La virtud de LOLA, pues, no radica únicamente en diseminar un contexto determinado del que extraer lecturas que nos llevan desde lo político hasta lo social en esa vorágine de imágenes que presenta el film, también se desprende de esa modulación tonal realizada por el cineasta, que es capaz de desplazar ese acercamiento a la ‹low fi› en clave ‹found footage› a un terreno donde se devanea ligeramente con la ‹rom-com› más atípica, dejando espacio incluso para incursionar en el género desde un thriller de espionaje atenuado por el formato y guiado desde una faceta que advierte matices más cercanos a lo dramático.

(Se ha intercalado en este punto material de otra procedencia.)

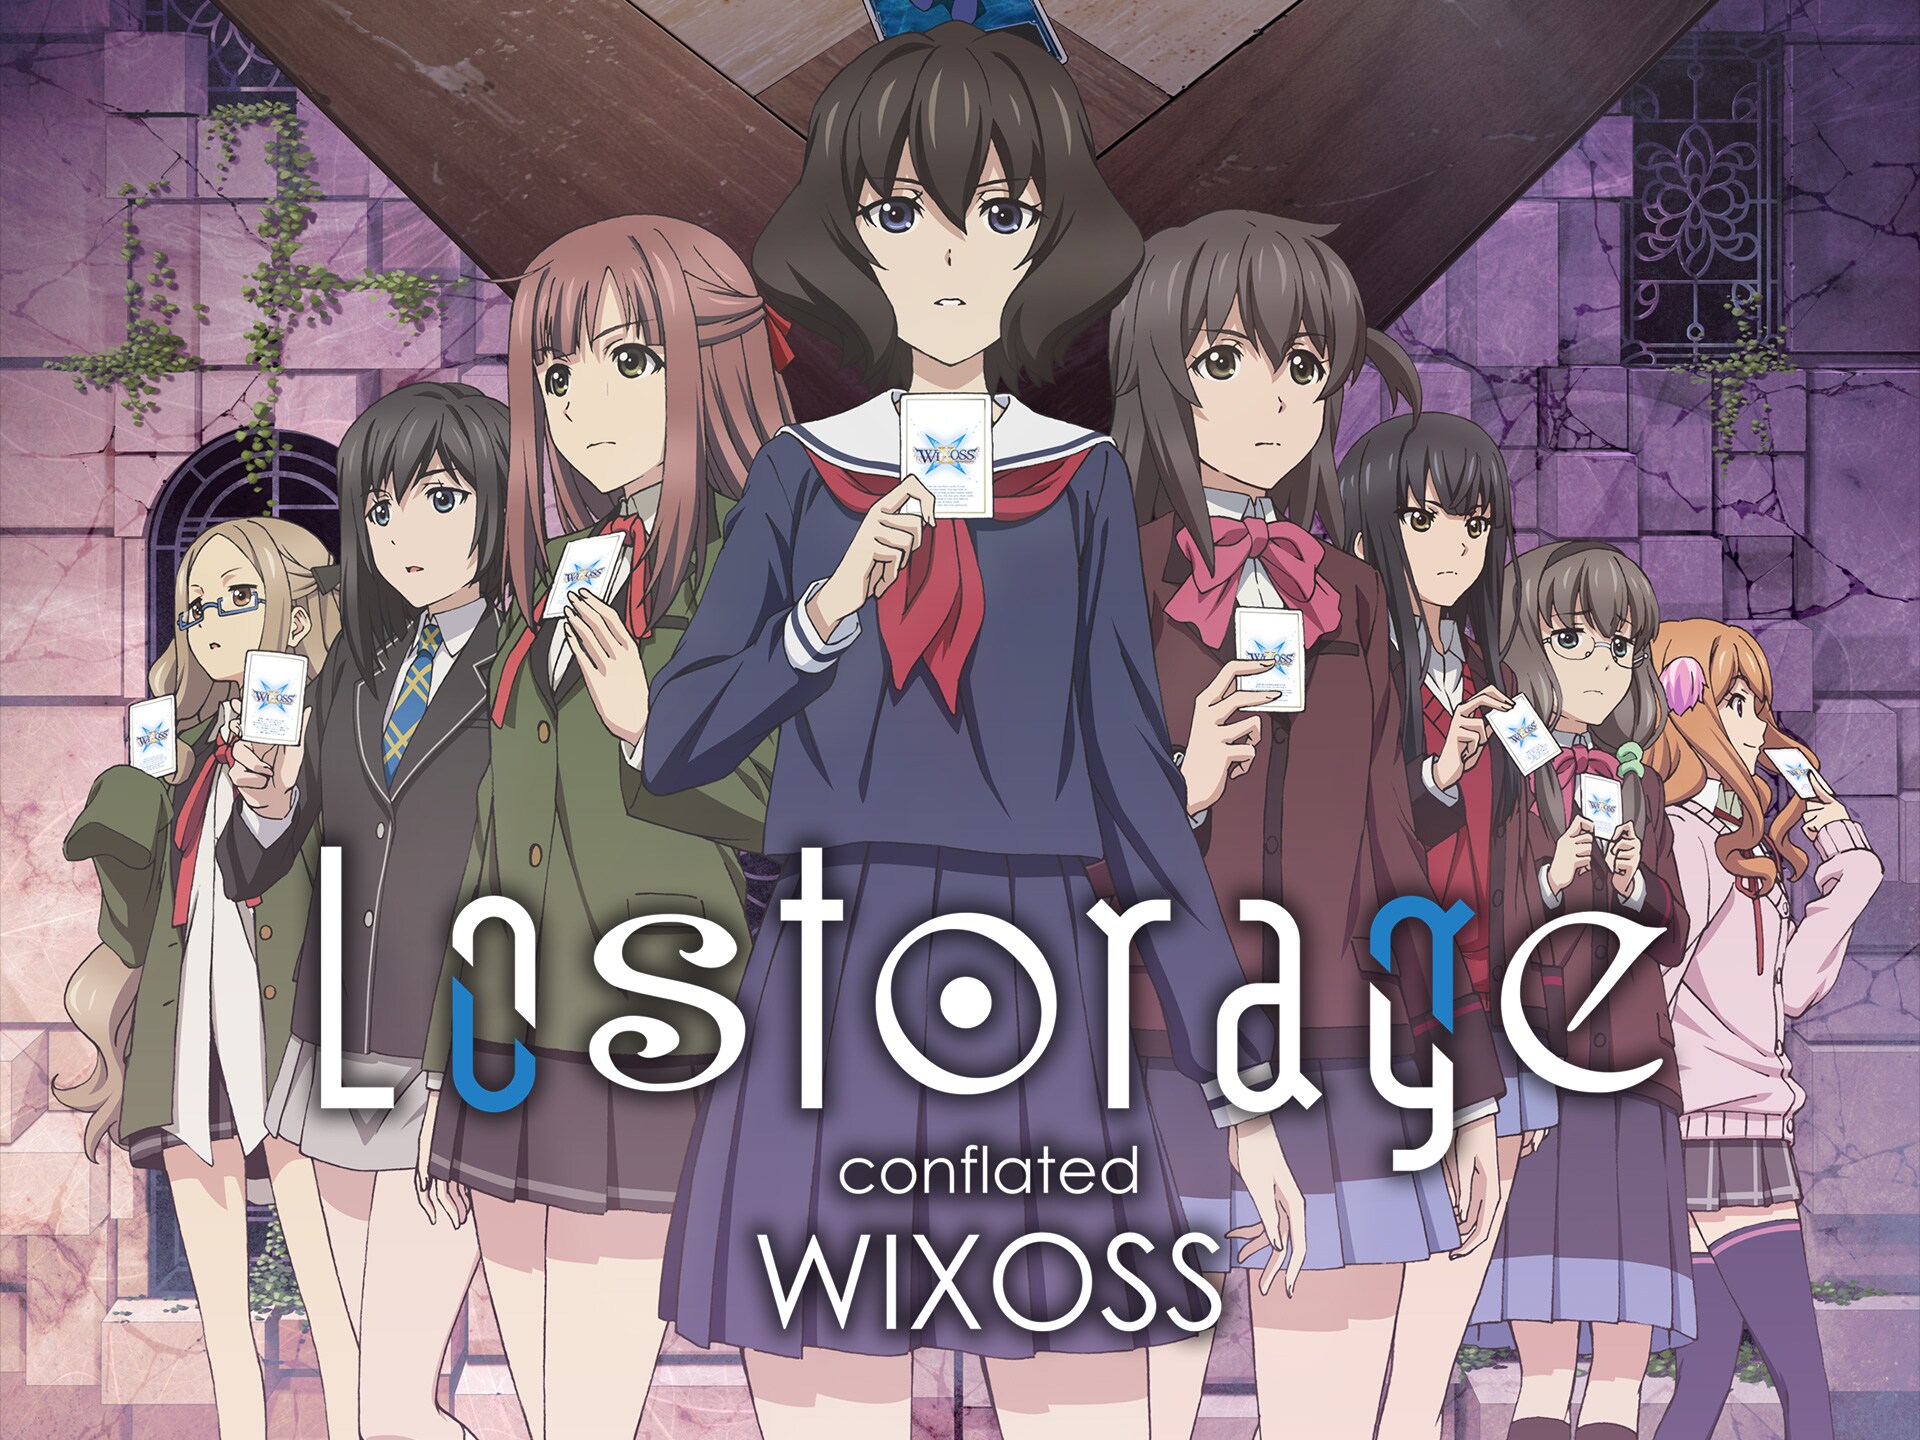 アニメ Lostorage Conflated Wixoss 第3話 始動 日常と非日常 フル動画 初月無料 動画配信サービスのビデオマーケット

Legge compone a través de esos parámetros un film que se mueve con soltura desde la deriva propuesta, siendo capaz además de afianzar su tono sin necesidad de parapetarse en los espacios —aunque adquiera cierto vigor mediante una característica voz en off y ese mencionado formato—, más bien dejando que el espectador se sumerja en esos juegos de texturas compuestos desde una imagen vívida, que tan pronto arrastra una excepcional melancolía como crea atmósferas que esbozan con agilidad un contexto más pesadillesco. Y es que, aunque LOLA devenga un artefacto que por momentos parece escurrirse incluso ante la propia mirada del espectador en esa eclosión tan expresiva que describen ciertas estampas, la urgencia de un trasfondo acechante no deja de arrojar matices sobre las consecuencias de intentar distorsionar el propio sino de la Historia.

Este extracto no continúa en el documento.